Given equivalence, what is really at stake is convenience.

If you're starting point is a cmp function (for instance,
asking a dating service member whether they prefer
mate x to mate y), then having to convert to a key function
can be inconvenient.

If you need to sort by an ascending primary key and a descending
secondary key, you may find it easiest to sort in two passes
(taking advantage of guaranteed sort stability):

sorted(s, key=secondary, reversed=True)
sorted(s, key=primary)

With a cmp function, the above could be achieved in a single pass:

def mycmp(x, y):
p = cmp(primary(a), primary(b))
return p if p else cmp(secondary(b), secondary(a))

sorted(s, cmp=mycmp)

Also, as Paul pointed-out, there are some structures such as tree
comparisons that may be challenging to express directly as a key
function. As Carsten pointed-out, the cmp2key function allows
cmp functions to trivially (though indirectly) be recast as key
functions.

All that being said, for many everyday uses, a key function is
simpler to write and faster to run than a cmp function approach.

Raymond

Raymond Hettinger, Oct 1, 2009
10. ### kjGuest

In <> Raymond Hettinger <> writes:

<snip>

>If you need to sort by an ascending primary key and a descending
>secondary key, you may find it easiest to sort in two passes
>(taking advantage of guaranteed sort stability):

> sorted(s, key=secondary, reversed=3DTrue)
> sorted(s, key=primary)

In the special case where the value returned by secondary is
numeric, I suppose one could do this in one go with

sorted(s, key=lambda x: (primary(x), -secondary(x)))

....but I can't think of a way to generalize this...

kj

kj, Oct 1, 2009
11. ### kjGuest

In <> Paul Rubin <http://> writes:

>kj <> writes:
>> Is there a real-life sorting task that requires (or is far more
>> efficient with) cmp and can't be easily achieved with key and
>> reverse?

>Yes, think of sorting tree structures where you have to recursively
>compare them til you find an unequal pair of nodes. To sort with
>key=... you have to wrap a class instance around each tree, with
>special comparison methods. Blecch.

Good point. This example convinces me that it was a bad idea to
get rid of cmp in Python 3, even if situations like this one are
rare. With the cmp parameter as an option, coding this type of
sort was accessible even to those with a rudementary knowledge of
Python. Now one needs to be pretty clever and pretty skilled with
Python to figure this one out... Granted, anyone who needs to
perform such sorts is probably smart enough to handle the required
solution, but not necessarily very proficient with Python. Besides,
why make something that was relatively straightforward before become
an exercise in cleverness? I wonder what was gained by eliminating
the cmp option...

kj

kj, Oct 1, 2009
12. ### Paul RubinGuest

Duncan Booth <> writes:
> > Is there a real-life sorting task that requires (or is far more
> > efficient with) cmp and can't be easily achieved with key and reverse?
> >

> There is no sorting task that *requires* cmp. If all else fails you can
> define a key class to wrap the original wrapper such that comparing the
> keys simply calls the comparison function that you *would* have used.

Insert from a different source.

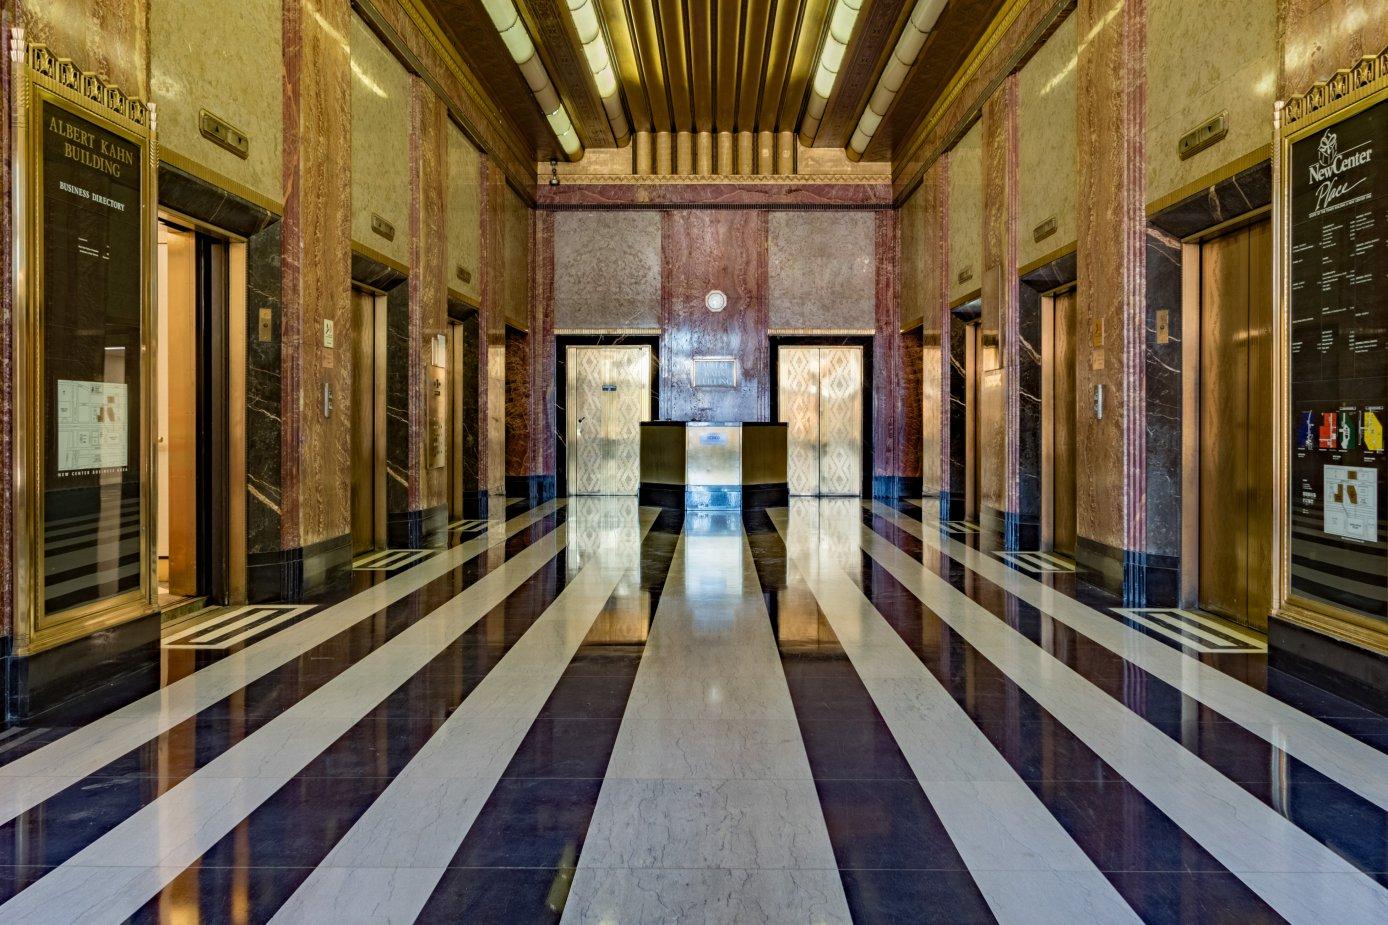 Historic Albert Kahn building sold | Lutz Financial Services

I would count that as key being far less efficient, though still
giving the same result.

Paul Rubin, Oct 2, 2009
13. ### Paul RubinGuest

Raymond Hettinger <> writes:
> If you're assuming a consistent sort-order (transitivity, not
> evolving over time, etc), then the cmp method and key method
> are mathematically equivalent (you could always do a compare
> sort first, record the order produced, and assign the position
> number as a key function)

But that is an efficiency hit.

> If you're starting point is a cmp function (for instance,
> asking a dating service member whether they prefer
> mate x to mate y), then having to convert to a key function
> can be inconvenient.

Well, the issue there is that the comparison function may not be
transitive. Maybe you really want a topological sort for that.

> All that being said, for many everyday uses, a key function is
> simpler to write and faster to run than a cmp function approach.

I still have never understood why cmp was removed. Sure, key is more
convenient a lot (or maybe most) of the time, but it's not always.

Paul Rubin, Oct 2, 2009
14. ### alex23Guest

kj <> wrote:
> This example convinces me that it was a bad idea to
> get rid of cmp in Python 3, even if situations like this one are
> rare.

It sounds like the entire point of this exercise was to get other
people to confirm your bias for you.

alex23, Oct 2, 2009
15. ### kjGuest

In <> alex23 <> writes:

>kj <> wrote:
>> This example convinces me that it was a bad idea to
>> get rid of cmp in Python 3, even if situations like this one are
>> rare.

>It sounds like the entire point of this exercise was to get other
>people to confirm your bias for you.

The only problem with this hypothesis is that my original bias was
exactly the opposite to the one you quote: when I sent my original
post I thought that cmp was in fact useless (after all I could not
think of a situation that required it or even made it preferable),
and was not even aware that it had been dropped in Python 3. Paul
Rubin's post convinced me otherwise.

BTW, what's with this business of ascribing underhanded motives to
me? Earlier some other clown alleged that that my original post
was homework??? WTF?

kj

kj, Oct 2, 2009
16. ### Paul RubinGuest

Bearophile <> writes:
> > Yes, think of sorting tree structures where you have to recursively
> > compare them til you find an unequal pair of nodes.

>
> That's cute. In what situations do you have to perform such kind of
> sort?

It came up in a search engine application I've been involved with.

Paul Rubin, Oct 2, 2009
17. ### Paul RubinGuest

Scott David Daniels <> writes:
> Most cases are moreeasily done with key, and it is
> a good idea to make the most accessible way to a sort be the most
> efficient one. In the rare case that you really want each comparison,
> the cmp-injection function will do nicely (and can be written as a
> recipe.

I don't think wrapping the sorted objects in an otherwise useless
special purpose class is "nicely", either from a performance or from a
code verbosity point of view. I avoid Java and its useless extra
classes for a reason ;-).

> In short, make the easy path the fast path, and more will use it;
> provide two ways, and the first that springs to mind is the one
> used.

I think we are saying the same thing. Python 2.x provides two ways
and you can use whichever one fits the application better. I have
never understood why Python 3.x finds it necessary to break one of
them. Maybe I can migrate to Haskell by the time Python 2.x becomes
deprecated.

Paul Rubin, Oct 2, 2009
18. ### Raymond HettingerGuest

[Paul Rubin]
> Yes, think of sorting tree structures where you have to recursively
> compare them til you find an unequal pair of nodes.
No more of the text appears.